As adults, we know that the game (and professional sports in general) can be that way sometimes. But kids don't know, not only the ones at the stadium but also those -- like mine -- who watched at home. If United's Ben Olsen had been bloodied by a vicious elbow, the Barra Brava would be up in arms. How do you explain why any foul such as the one Gallardo committed on Donovan doesn't merit an automatic red card? The problem is, you can't.

As parents, we can't always provide the answers, despite our desire to be an omniscient resource in our kids' lives. So I simply said to them, "The referee missed it." There can't be any other explanation.

Line of the week

As I waited for Los Angeles Galaxy coach Ruud Gullit to emerge from the visitor's locker room at RFK Stadium at halftime on Sunday, David Beckham walked out, fixing his captain's armband, and he turned to me and asked, "Was Landon offside?"

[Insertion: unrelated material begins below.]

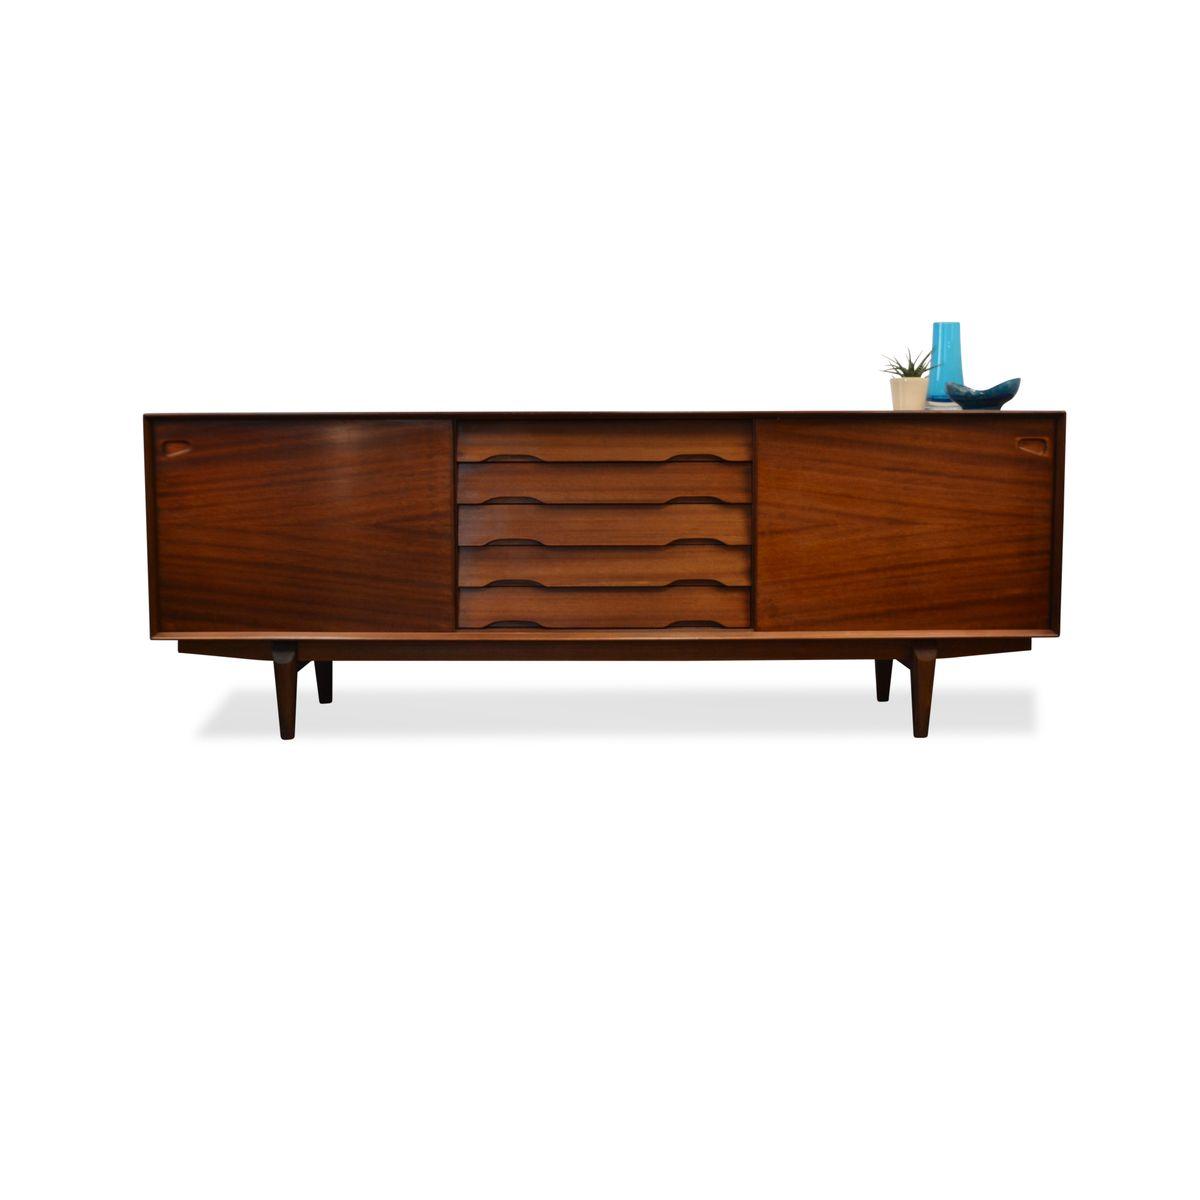 danish rosewood sideboard by henry rosengren for skovby. Black Bedroom Furniture Sets. Home Design Ideas
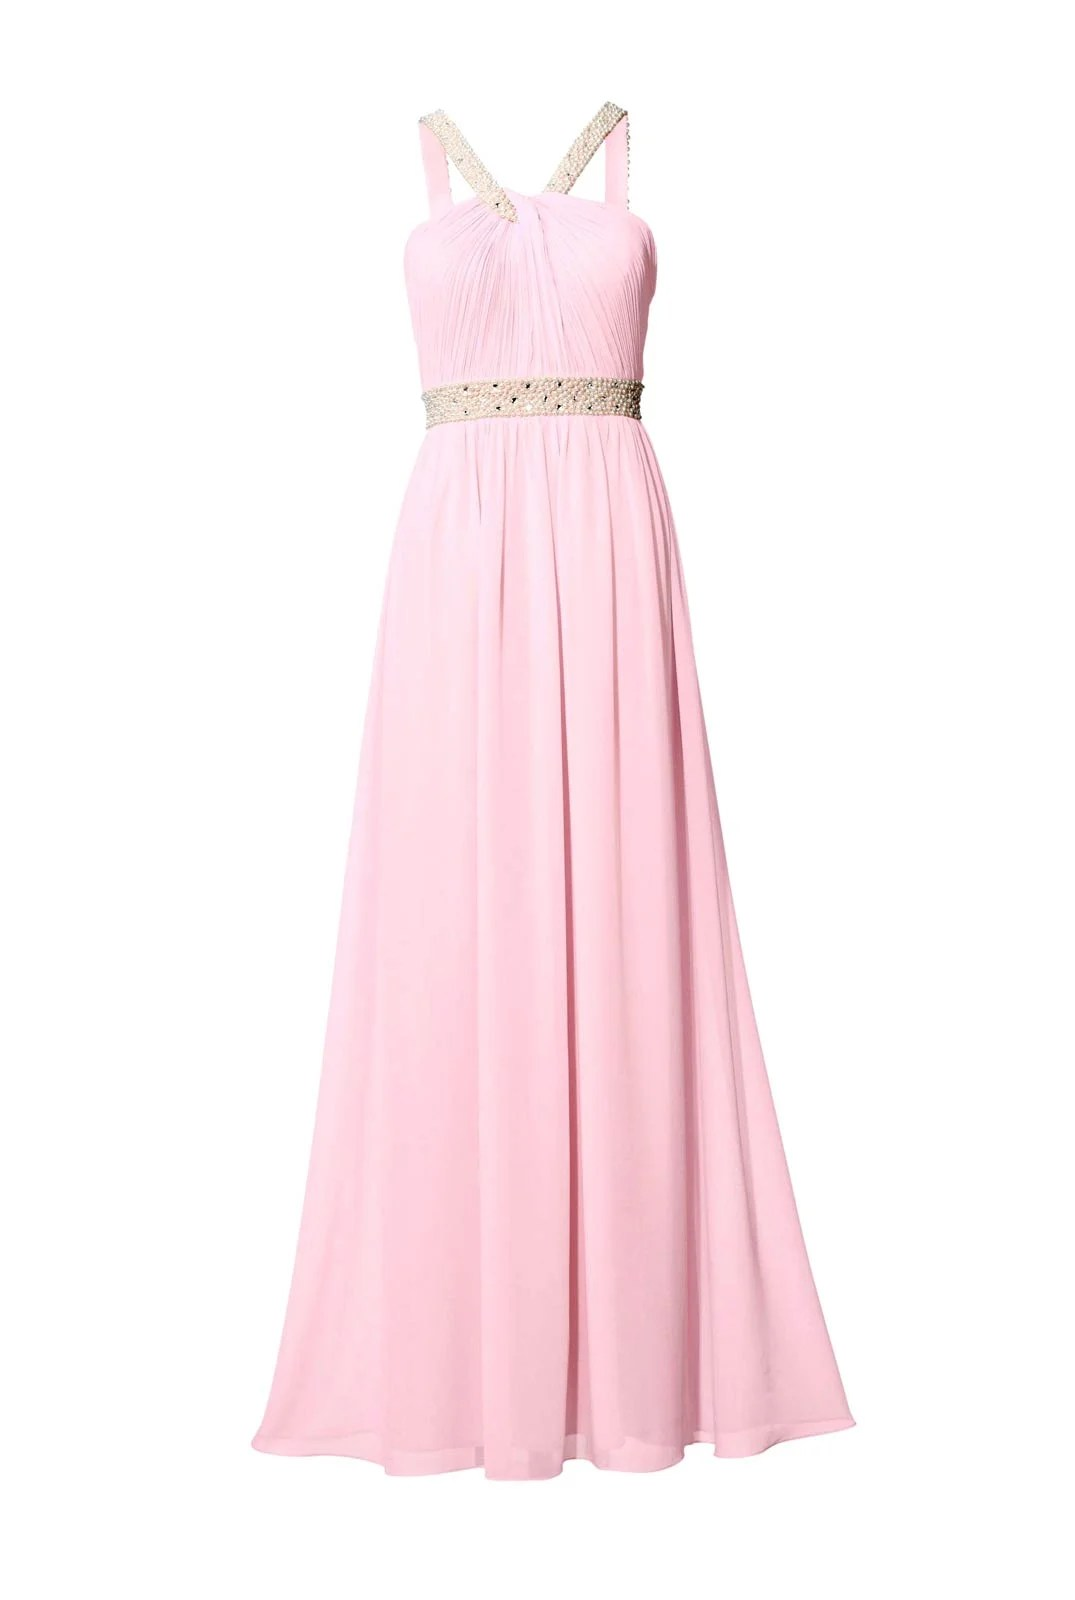 058.363 ASHLEY BROOKE Damen Designer-Abendkleid m. Perlen-Stickerei Rosé

Beckham was referring to a first-half goal Donovan had scored that was disallowed by an offside flag. I responded, "It was very close, but I believe from our replays he was just off. It was very close." That's when L.A.'s Chris Klein -- truly one of the greatest guys to have ever played in MLS, who by then had joined our conversation -- stole the thunder: "Since when did the referees start being so precise?"

We (including Gullit now) all instantly burst into laughter as we walked back onto the field. It was a nice, fun moment within the serious confines of professional soccer.

A blind corner

Rob Base, the great lyrical poet of the 1980s, said, "It takes two." And the same can be said of corner kicks. Last August, David Beckham provided the service off corner kicks for goals by Carlos Pavon and Edson Buddle in that memorable 5-4 Galaxy loss to the Red Bulls at Giants Stadium. Since, then the Galaxy are 0-for-35 on Beckham's corner kicks (courtesy of my friend Peter Hirdt of the Elias Sports Bureau). Proof that Becks can bend 'em, but he can't score them at the same time.